Parmi les raisons du statut particulier du quartier de Jobar, il y a aussi le fait que les jeunes hommes et les jeunes femmes de ce quartier l’avaient libéré à la fin de l’année 2012, Jobar devenant de ce fait la ligne de front la plus avancée contre les forces du régime aux abords immédiats de la capitale syrienne, Damas. Cela leur a  valu la plus forte concentration de bombardements qu’ait jamais connu une zone géographique limitée tant par l’aviation et par des missiles sol-sol que par l’artillerie lourde et les tanks. Les habitants de Jobar durent aussi subir la deuxième utilisation de gaz de combats avérée par le régime syrien (en mars et en avril 2013), quatre mois après Homs et quatre mois avant Zamalka, Arbîn et les quartiers périphériques de Mu‘dhamiyyet-el-Shâm (trois localités de la Ghouta de Damas).

Parmi les particularités [du quartier héroïque] de Jobar, nous citerons également le fait que depuis la fin de 2013 et jusqu’à ce jour, celui-ci est soumis à des assauts incessants de l’armée de Bachar al-Assad, des combattants du Hezbollah (parti et milice armée chiites libanais, ndt) et de milices (chiites, ndt) irakiennes.

Malgré tout ça, l’on peut voir les combattants de Jobar, certains retranchés dans les sous-sols et d’autres bien visibles, tenant bon leurs positions : ni ils n’ont cédé un pouce de terrain, ni ils n’ont capitulé.

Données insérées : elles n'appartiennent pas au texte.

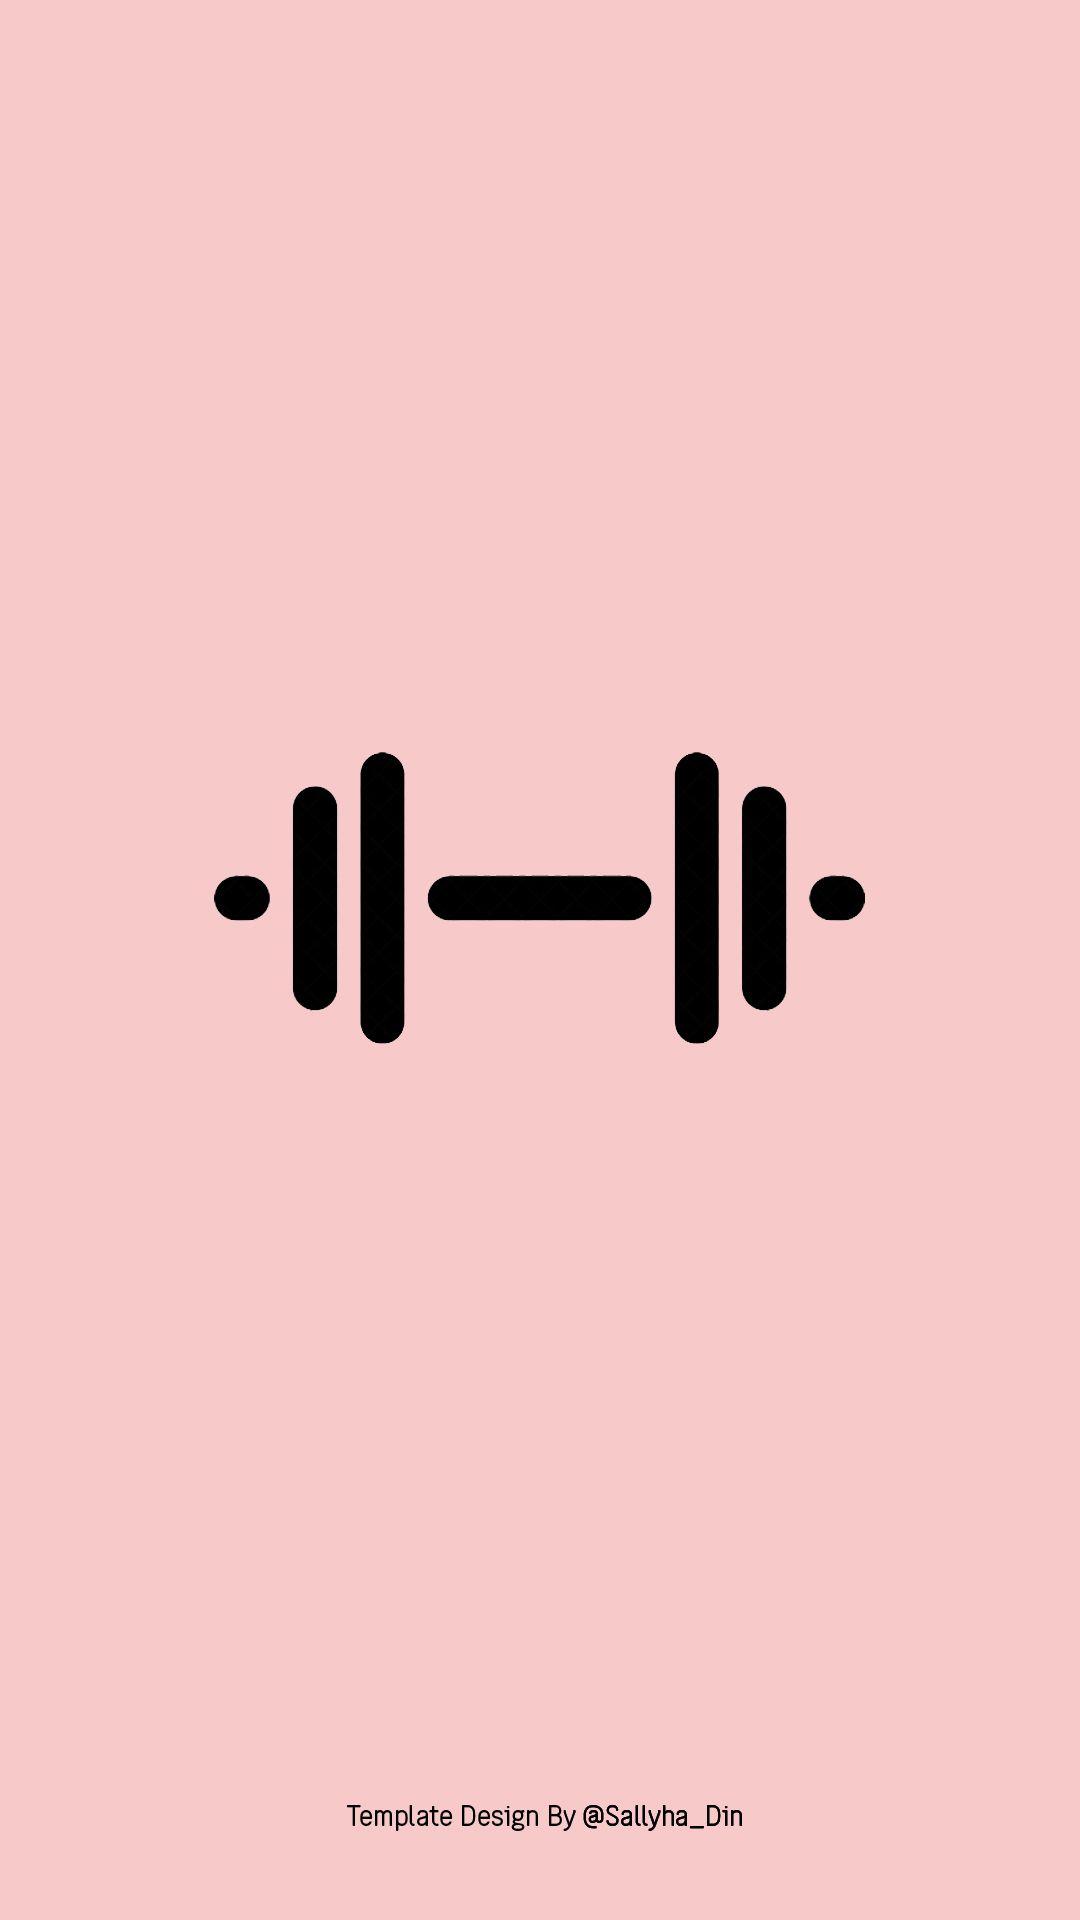 F I T N E S S Baby Pink Instagram Highlight Covers By Sallyha Din Www Instagram Com Sallyha Din Www Sallyhadin C Pink Instagram Instagram Icons Instagram Logo

Lorsqu’Al-Assad, à l’occasion de la nuit du Réveillon du passage de l’année 2014 à l’année 2015, a prétendu avoir visité le quartier de Jobar et y avoir passé en revue ses forces armées, celles-ci ayant au préalable allégué y avoir réalisé une percée, des photos circulant le lendemain démontraient qu’il n’avait pas dépassé les limites d’Al-Zabaltani dans le sens « vers Jobar » et que la personne avec qui on le voyait échanger une chaleureuse poignée de mains n’était nullement un de ses officiers de faction sur le front, mais Muhammad Ahmad Aïssa, un responsable du Hezbollah.

Ainsi, la biographie de ce quartier résume tout un pan de l’épopée occultée de la Révolution syrienne. Elle résume aussi un aspect de son destin tragique. C’est ce qu’a écrit le journaliste et photographe syrien Sa‘îd Al-Batal dans son brillant article intitulé « Les yeux bandés mais pas anxieux » (publié sur le site de l’association Bidâyât) après s’être rendu dans ce quartier, où il est resté une journée, en octobre 2014, qui exprime le plus fidèlement et le plus profondément la vie oubliée dans ce petit coin de la Terre coincé derrière une muraille de feu qui est un scandale pour l’humanité entière.

Ce journaliste, M. Al-Batal, écrit : « En surfant sur Internet, je suis tombé sur une photo du quartier de Jobar sous un bombardement prise le jour même depuis Damas. Je me suis mis à trembler. Non parce que je serais personnellement sorti des décombres, ni du cadre de cette photo terrible. Peut-être ai-je été pris de tremblement parce que je me suis soudain souvenu qu’il y avait quelqu’un, de l’autre côté du front ! C’est quelque chose que j’avais totalement oublié. Ce quelqu’un voyait,  entendait, pensait, rêvait et photographiait les bombes qui s’abattaient sur son quartier. Quelqu’un avec ses bons et avec ses mauvais côtés. Ce quelqu’un était mon reflet dans un miroir, mon autre possibilité d’exister, et c’était le fait d’être débordé qui me l’avait fait oublier. Alors, je me suis mis à penser que nous ne faisons qu’un dans ce monde et que la seule chose qui reste tapie de l’« autre côté », c’est la mort – cette mort apportée par un projectile, par une bombe ou par une balle…

Je me demande si mes photos, à moi qui suis coincé de l’« autre côté », vous laissent un sentiment semblable lorsque les habitants de vos maisons les reçoivent, malgré votre enfermement dans vos soucis et dans le vacarme assourdissant ? Cela vous a-t-il fait oublier notre existence, à vous aussi ?

Au quartier de Jobar et à ses habitants, ou plutôt à ce qu’il en reste, mes salutations [fraternelles et respectueuses].